I nie wiem, czy pech to jakiś czy zmowa, że po czternastu latach pobytu nie mam nawet zielonej karty…

Siedzimy na ławeczce przed budynkiem apartamentowym przy Cumberland Avenue, gdzie mieszka Krzysztof (Chris). W oknie mieszkania, którego jest właścicielem widnieje amerykański proporczyk. Na placu parkingowym stoi maszt, osiem metrów wysokości, a na nim olbrzymi – trzy metry na dwa – sztandar gwiaździsty. On go tam zawiesił.

– Pan myśli, że ktoś z mieszkańców pomyślał o sztandarze?  W życiu! Nikt mnie nawet nie spytał: Chris, a może ci dołożyć do tego sztandaru? Może ci pomóc przy wkopywaniu masztu? Oni o jednym myślą, żeby się nażreć, napić i oglądać telewizję. Patriotyzm? Nie interesuje ich zupełnie.

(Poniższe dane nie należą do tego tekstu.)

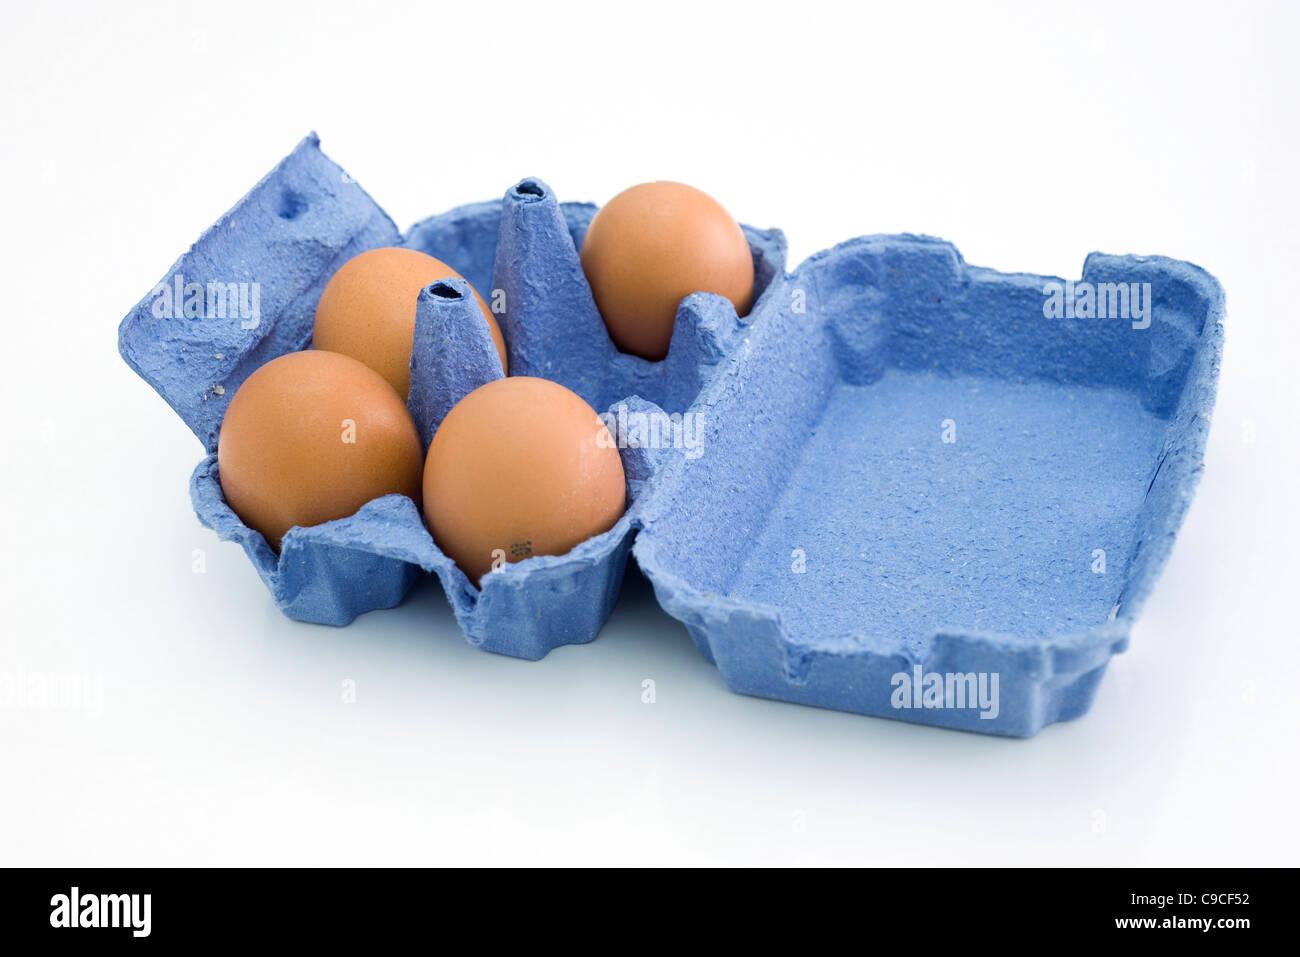 Fresh eggs in carton - Stock Image

Kilka lat temu odbywał się tu w Chicago mecz zapaśniczy między Sowietami a Amerykanami. Był mi ciężki wstyd; większość publiczności kibicowała za…ruskimi!

Ojczyzna? Jest dobra, jak niczego od nich nie chce. Kiedy trzeba było iść na wojnę do Wietnamu, wypełnić swój patriotyczny obowiązek, protestowali i wyzywali Ojczyznę od najgorszych. Dzisiaj jeden z tych „wyzywaczy” jest prezydentem tego kraju!”.

Krzysztof wymawiając słowo „ojczyzna”, staje na baczność, wzrok mu jaśnieje, z ekscytacją wpatruje się w powiewającą nad nim flagę amerykańską. Myśli ulatują gdzieś wysoko, w niebo.

– Kupiłem tę chorągiew za własne pieniądze. Nikogo się o nic nie prosiłem i jestem z tego dumny. Mam swój honor. Ten kraj jest wart większych poświęceń. Zapłaciłem za maszt ponad pięćset dolarów, za chorągiew ponad tysiąc dolarów. I to już po raz drugi, bo w zeszłym roku jakiś miejscowy gang ukradł sztandar. A gdzie robocizna, pozwolenie na instalację,  bo przecież musiałem mieć permit; pranie tej flagi każdego miesiąca też kosztuje?

Złość mnie bierze, kiedy widzę, że jacyś oszuści i gangsterzy są obywatelami, a ja jestem tu nikim. Nikim! Czasem żyć mi się z tego powodu odechciewa.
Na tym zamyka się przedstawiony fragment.